:: EXERCISE DATA ::
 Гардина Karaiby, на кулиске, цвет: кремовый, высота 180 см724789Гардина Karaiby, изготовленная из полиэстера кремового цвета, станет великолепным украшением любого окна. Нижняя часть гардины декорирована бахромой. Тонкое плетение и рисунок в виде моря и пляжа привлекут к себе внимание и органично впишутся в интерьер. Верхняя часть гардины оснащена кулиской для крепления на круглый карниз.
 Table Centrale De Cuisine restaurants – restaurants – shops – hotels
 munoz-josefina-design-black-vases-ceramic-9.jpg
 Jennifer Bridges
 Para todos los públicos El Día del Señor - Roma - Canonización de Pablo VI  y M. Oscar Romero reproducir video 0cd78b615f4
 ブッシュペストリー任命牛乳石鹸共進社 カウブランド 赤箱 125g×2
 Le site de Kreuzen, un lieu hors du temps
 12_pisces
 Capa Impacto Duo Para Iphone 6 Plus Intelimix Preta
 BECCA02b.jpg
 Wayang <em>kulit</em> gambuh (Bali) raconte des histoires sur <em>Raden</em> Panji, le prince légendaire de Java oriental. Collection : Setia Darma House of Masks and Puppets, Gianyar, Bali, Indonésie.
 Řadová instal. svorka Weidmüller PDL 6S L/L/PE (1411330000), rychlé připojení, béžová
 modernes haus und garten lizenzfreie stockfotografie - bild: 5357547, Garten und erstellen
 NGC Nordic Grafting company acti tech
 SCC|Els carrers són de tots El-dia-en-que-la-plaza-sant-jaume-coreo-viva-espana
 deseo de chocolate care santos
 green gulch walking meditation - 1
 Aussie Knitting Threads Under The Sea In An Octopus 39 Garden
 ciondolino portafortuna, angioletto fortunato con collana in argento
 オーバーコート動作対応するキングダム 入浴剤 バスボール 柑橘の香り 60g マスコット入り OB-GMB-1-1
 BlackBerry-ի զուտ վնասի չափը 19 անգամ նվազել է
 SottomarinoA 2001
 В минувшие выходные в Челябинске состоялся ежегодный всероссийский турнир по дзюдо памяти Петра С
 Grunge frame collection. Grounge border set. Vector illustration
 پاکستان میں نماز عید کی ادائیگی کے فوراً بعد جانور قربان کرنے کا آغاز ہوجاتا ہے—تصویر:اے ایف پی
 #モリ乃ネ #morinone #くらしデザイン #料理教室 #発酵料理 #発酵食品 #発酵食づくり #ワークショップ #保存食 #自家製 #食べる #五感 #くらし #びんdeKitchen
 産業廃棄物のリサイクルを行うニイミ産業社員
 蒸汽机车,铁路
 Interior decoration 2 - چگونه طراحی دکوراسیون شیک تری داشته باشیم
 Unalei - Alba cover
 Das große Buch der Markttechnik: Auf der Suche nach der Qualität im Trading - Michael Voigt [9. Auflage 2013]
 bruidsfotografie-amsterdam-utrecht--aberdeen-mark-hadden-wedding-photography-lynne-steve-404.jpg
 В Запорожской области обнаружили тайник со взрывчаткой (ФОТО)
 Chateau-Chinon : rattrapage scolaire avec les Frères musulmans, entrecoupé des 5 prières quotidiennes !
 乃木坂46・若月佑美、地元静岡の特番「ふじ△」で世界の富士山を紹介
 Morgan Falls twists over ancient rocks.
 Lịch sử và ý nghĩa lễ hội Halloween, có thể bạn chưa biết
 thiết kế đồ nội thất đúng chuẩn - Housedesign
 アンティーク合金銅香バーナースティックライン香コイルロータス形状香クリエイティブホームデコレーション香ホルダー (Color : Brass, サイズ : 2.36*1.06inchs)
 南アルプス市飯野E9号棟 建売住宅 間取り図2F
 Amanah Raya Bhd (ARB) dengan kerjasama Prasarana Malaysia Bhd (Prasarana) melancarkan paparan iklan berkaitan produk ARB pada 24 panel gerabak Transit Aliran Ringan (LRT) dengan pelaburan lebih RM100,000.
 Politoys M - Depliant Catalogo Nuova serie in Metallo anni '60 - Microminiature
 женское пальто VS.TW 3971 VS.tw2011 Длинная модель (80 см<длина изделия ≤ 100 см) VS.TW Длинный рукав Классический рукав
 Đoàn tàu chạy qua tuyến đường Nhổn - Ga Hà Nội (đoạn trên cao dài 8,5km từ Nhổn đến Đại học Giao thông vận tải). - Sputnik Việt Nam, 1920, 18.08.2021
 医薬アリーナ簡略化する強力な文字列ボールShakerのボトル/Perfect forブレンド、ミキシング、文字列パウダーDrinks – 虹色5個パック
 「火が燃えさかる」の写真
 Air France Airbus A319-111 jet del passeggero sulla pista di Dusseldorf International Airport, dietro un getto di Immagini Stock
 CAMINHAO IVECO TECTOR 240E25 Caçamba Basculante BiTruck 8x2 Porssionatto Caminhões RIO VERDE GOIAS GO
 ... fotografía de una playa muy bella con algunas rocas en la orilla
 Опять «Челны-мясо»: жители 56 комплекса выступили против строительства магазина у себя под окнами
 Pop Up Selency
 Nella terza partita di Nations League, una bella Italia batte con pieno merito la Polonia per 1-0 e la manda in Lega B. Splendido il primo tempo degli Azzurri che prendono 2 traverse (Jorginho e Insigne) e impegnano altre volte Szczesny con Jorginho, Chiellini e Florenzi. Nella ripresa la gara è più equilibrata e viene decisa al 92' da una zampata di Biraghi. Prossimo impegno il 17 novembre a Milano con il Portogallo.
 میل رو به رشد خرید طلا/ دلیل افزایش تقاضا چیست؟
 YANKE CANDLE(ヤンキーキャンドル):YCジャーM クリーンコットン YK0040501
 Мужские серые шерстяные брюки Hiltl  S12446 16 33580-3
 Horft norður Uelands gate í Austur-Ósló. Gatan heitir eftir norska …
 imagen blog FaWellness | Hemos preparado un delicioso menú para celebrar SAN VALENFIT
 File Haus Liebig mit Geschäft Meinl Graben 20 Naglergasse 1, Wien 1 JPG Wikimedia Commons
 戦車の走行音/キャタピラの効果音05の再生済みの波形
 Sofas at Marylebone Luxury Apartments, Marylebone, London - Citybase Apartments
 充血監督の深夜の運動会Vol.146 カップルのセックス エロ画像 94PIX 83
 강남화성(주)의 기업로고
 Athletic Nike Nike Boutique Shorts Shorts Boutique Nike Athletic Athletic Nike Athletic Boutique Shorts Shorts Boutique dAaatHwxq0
:::
**REQUIRED ACTION:** Find "File Haus Liebig" in the records. Copy its line and every line after it, exactly, through the last one.

**REPLY:**
 File Haus Liebig mit Geschäft Meinl Graben 20 Naglergasse 1, Wien 1 JPG Wikimedia Commons
 戦車の走行音/キャタピラの効果音05の再生済みの波形
 Sofas at Marylebone Luxury Apartments, Marylebone, London - Citybase Apartments
 充血監督の深夜の運動会Vol.146 カップルのセックス エロ画像 94PIX 83
 강남화성(주)의 기업로고
 Athletic Nike Nike Boutique Shorts Shorts Boutique Nike Athletic Athletic Nike Athletic Boutique Shorts Shorts Boutique dAaatHwxq0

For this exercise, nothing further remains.